%%

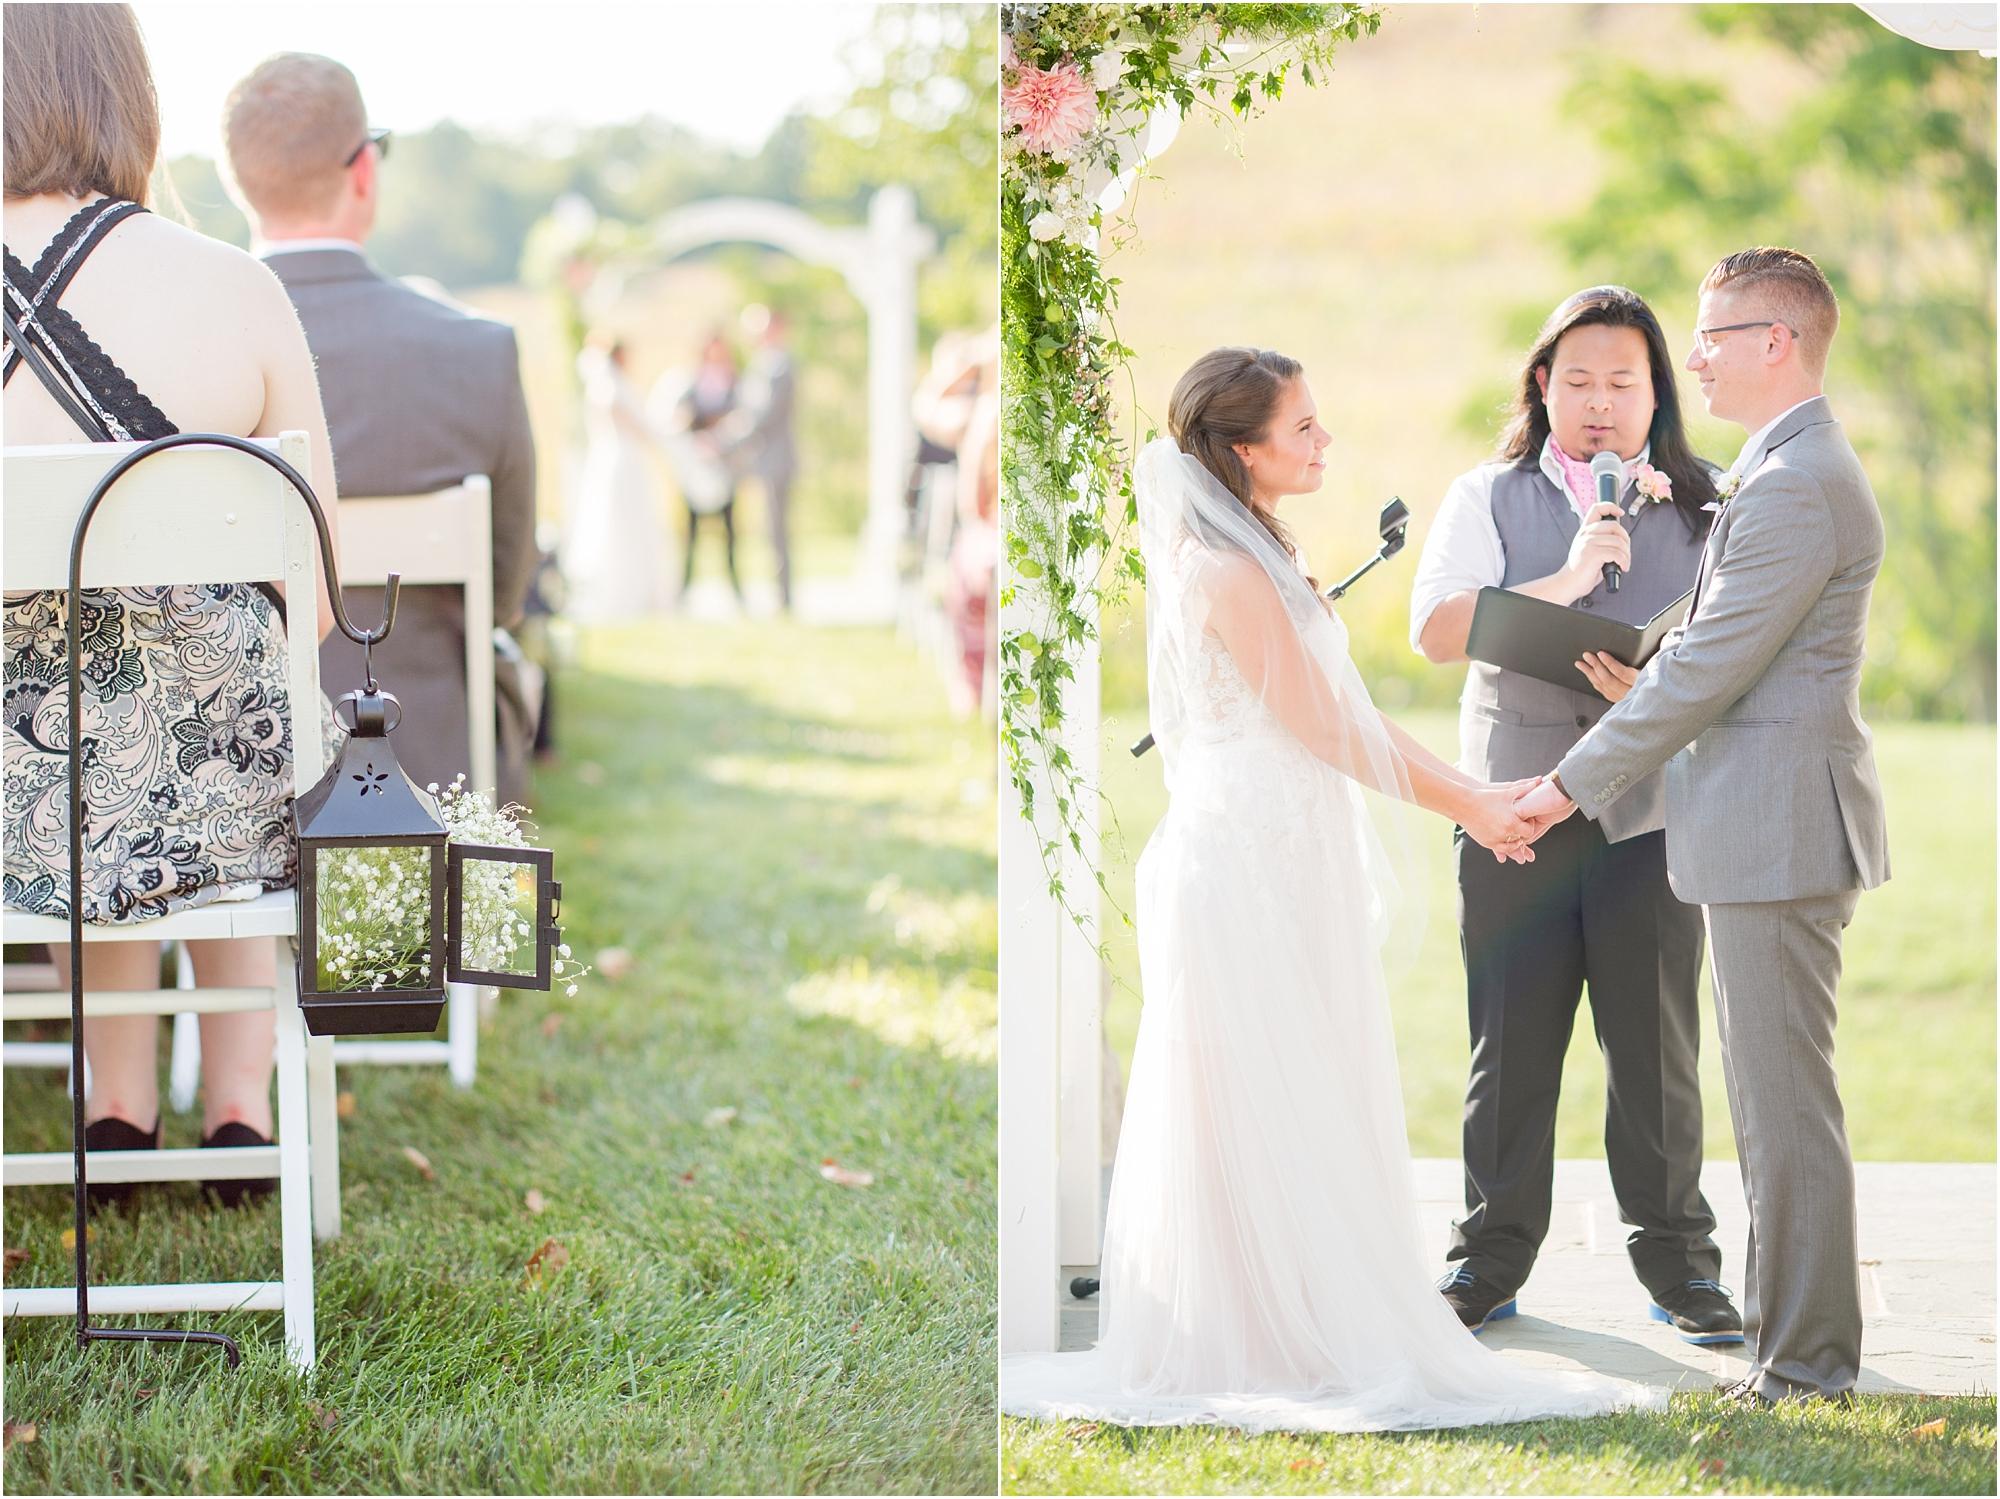 Tomaszewski 5-Ceremony-901_anna grace photography baltimore maryland wedding photographer rockland estates wedding photo.jpg
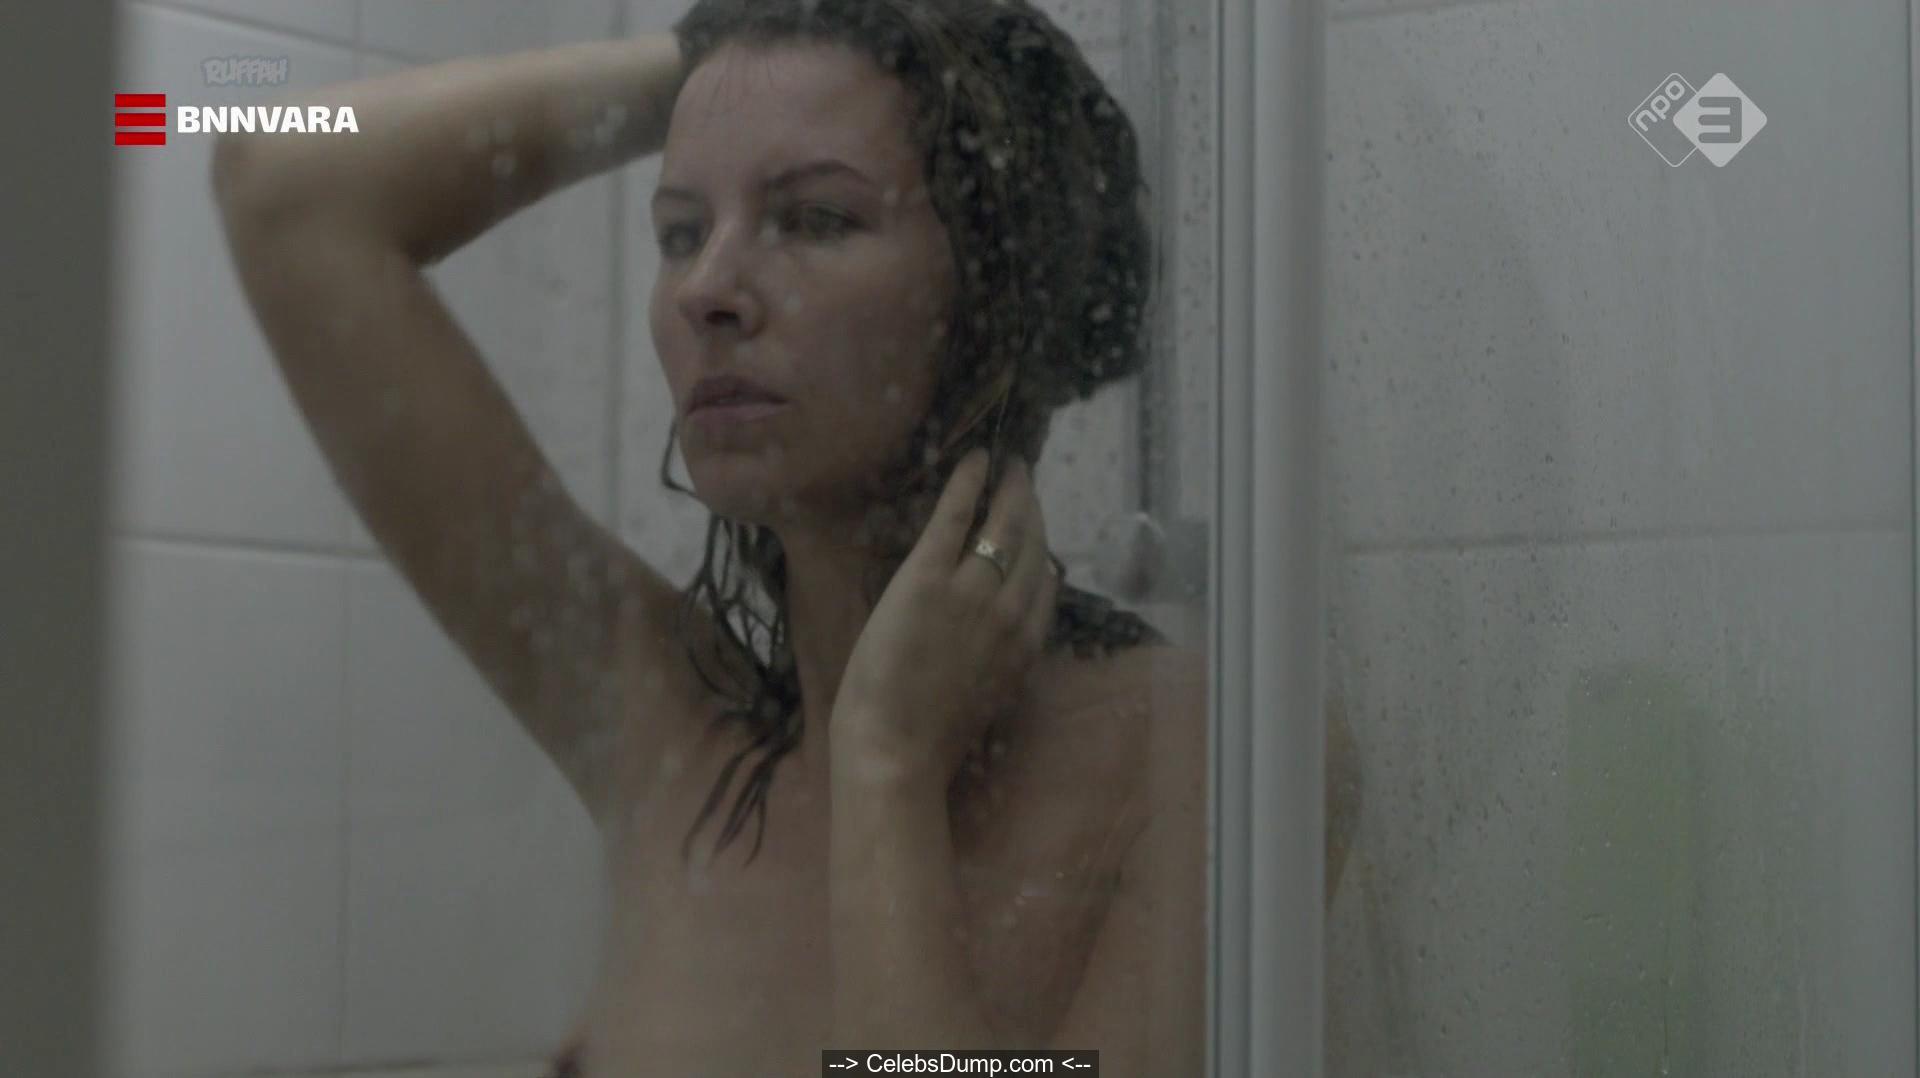 Fick Wm Orakel Weird Lesbian Porn Photoes Sex Porn Images
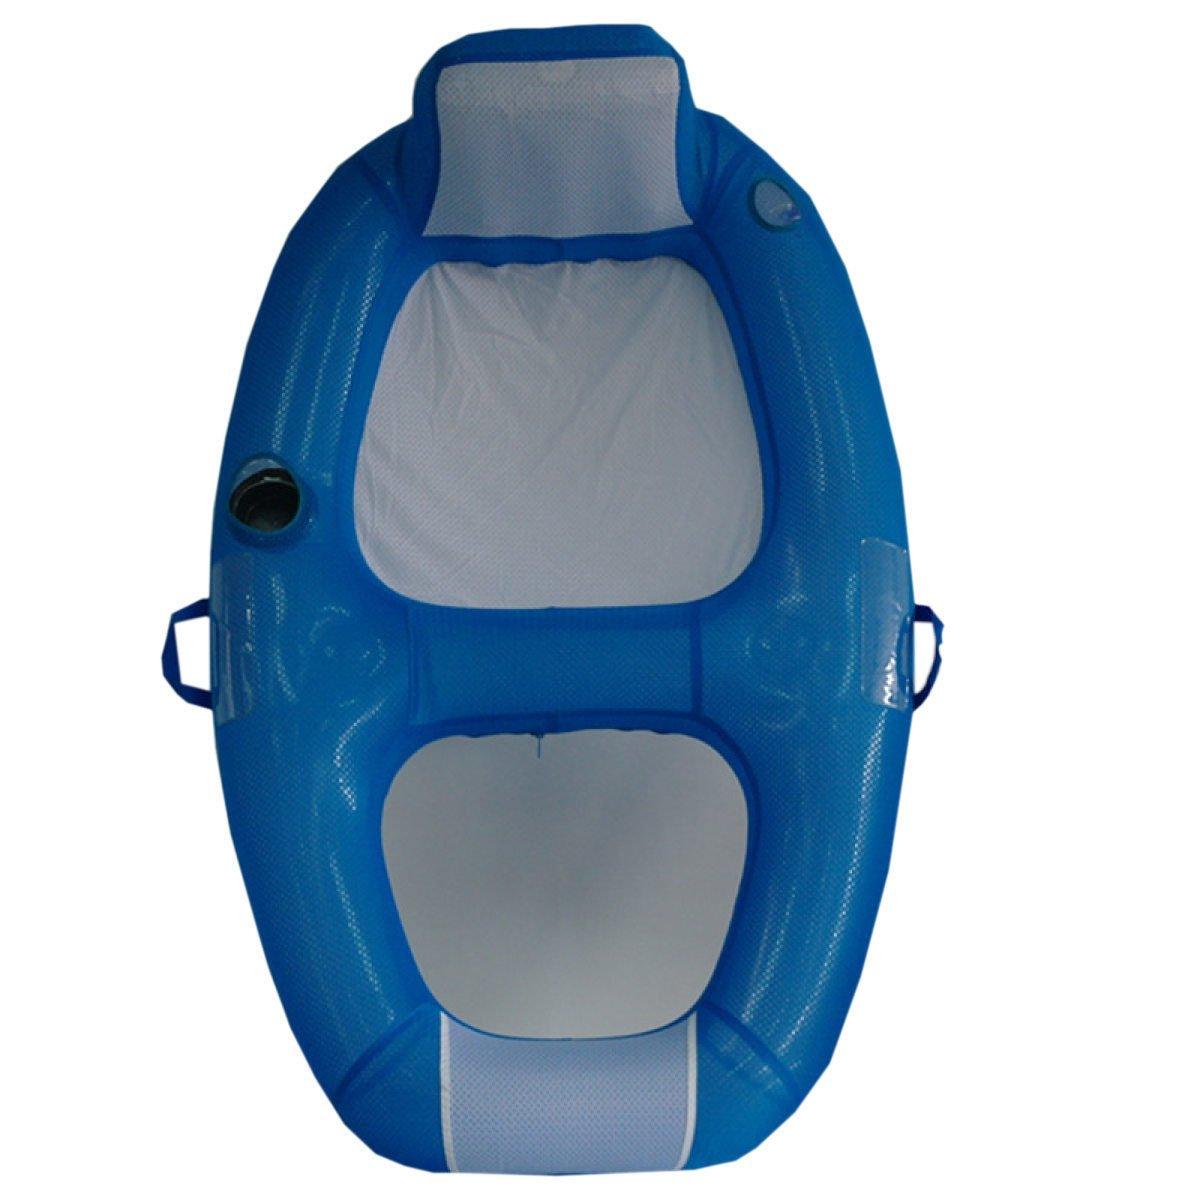 Dfb Wasser Aufblasbare Schwimmende Reihe Schwimmende Bett PVC Aufblasbare Produkte Wasser Aufblasbare Spielzeug Wasser Freizeit Produkte Strand Freizeit

%%

WHAT TO WORK ON: Please output the material above again, exactly, and omit every image.

ANSWER AREA:
 Tomaszewski 5-Ceremony-901_anna grace photography baltimore maryland wedding photographer rockland estates wedding photo.jpg
 Fick Wm Orakel Weird Lesbian Porn Photoes Sex Porn Images
 Dfb Wasser Aufblasbare Schwimmende Reihe Schwimmende Bett PVC Aufblasbare Produkte Wasser Aufblasbare Spielzeug Wasser Freizeit Produkte Strand Freizeit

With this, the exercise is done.